The oldest version of the Old Testament revealed by 3D imaging
Researchers in Kentucky and Jerusalem were able read it using three dimensional digital analysis of an X-ray scan, the Science Advances Journal announced.
In a statement, Seales said: “This work opens a new window through which we can look back through time by reading materials that were thought lost through damage and decay”. In fact, En-Gedi hasn’t been read for millennia.
The digital technology, funded by Google and the U.S. National Science Foundation, is slated to be released to the public as open source software by the end of next year.
The charred scroll from En-Gedi. Archaeologists in 1970 uncovered En-Gadi, a site west of the Dead Sea which was once home to a large Jewish community from the eighth century BCE until it was destroyed by fire around 600 CE.

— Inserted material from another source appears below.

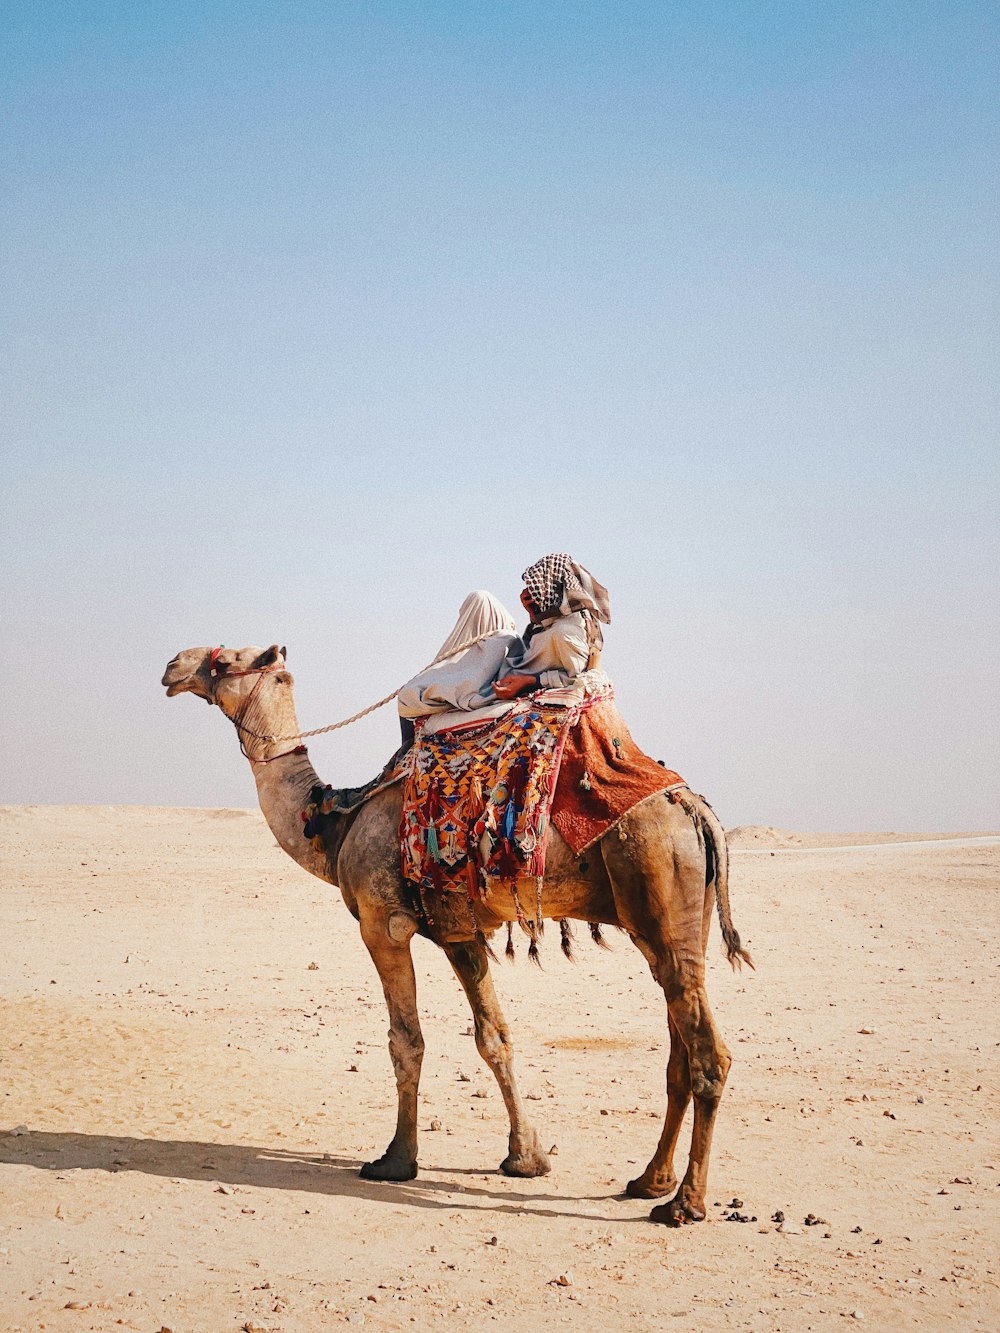 a man riding a camel in the desert

The ark from En-Gedi stored crumpled debris that had once been holy biblical scrolls. Because the scroll wasn’t just rolled-but actually crushed and burned-each page surface has an arbitrary shape. “It can’t be coincidental that the synagogue in Ein Gedi that was burned in the sixth century housed an early scroll whose text was completely identical with medieval texts”.
“Although more automation in the pipeline is possible, we have now achieved our overarching goal, which is the creation of a new restoration pathway – a way to overcome damage – to reach and retrieve text from the brink of oblivion”, writes Seales. In 2015, Italian scientists were able to reveal a few words and letters embedded in a charred scroll that survived the catastrophic eruption of Mt. Vesuvius almost two millennia ago.
Their first step was to overlay a mesh of tiny triangles onto the 3-D structure of the scroll to separate out the individual layers.
The opened ancient Dead Sea Scroll shows the wonderful truth!
So, they increased the spatial resolution of the scan, allowing them to capture whether or not each layer had detectable ink.
However, the text was illegible.
Yet a team of archaeologists and computer scientists led by Brent Seales, a computer imaging expert at the University of Kentucky, has digitally unwrapped it.
“It was certainly a shot in the dark”, Shor said. The En-Gedi manuscript is the first heavily damaged ancient scroll to be virtually unraveled and read, line by line, without opening it.
Digital manipulation adjusted the virtual scroll’s texture and flattened it so the text was legible. So they took one scroll and after several calibration scans, picked up what they thought was probably ink. The damaged layers were then isolated digitally through a process called segmentation. Now an global team of scientists has managed to do so by virtually unrolling the scroll, revealing the text hidden deep within: the first few verses from the book of Leviticus. Through virtual unwrapping, they have revealed it to be the earliest copy of a Pentateuchal book – Leviticus – ever found in a Holy Ark. Each line has 33 to 34 letters.
Michael Segal, a professor at the Hebrew University of Jerusalem and a coauthor on the study, said that he and a colleague, Emanuel Tov, analyzed the scroll after the team in Kentucky made it readable.
Radiocarbon analysis has shown that the En-Gedi scroll dates to the third or fourth century AD.
“Hence, the En-Gedi scroll provides an important extension to the evidence of the Dead Sea Scrolls and offers a glimpse into the earliest stages of nearly 800 years of near silence in the history of the biblical text”, the researchers wrote in the study. The Dead Sea Scrolls, dating to as early as the 3rd century B.C., featured versions of the text that are radically different than today’s Hebrew Bible.Scholars have believed the Hebrew Bible in its standard form first came about some 2,000 years ago, but never had physical proof, until now, according to the study. When they first looked at the results… they didn’t really know what they were looking at.
The En-Gedi text has already provided insight into religious history.
“It doesn’t tell us what was the original text, only that the Masoretic Text is a very ancient text in all of its details”, Dr. Segal said.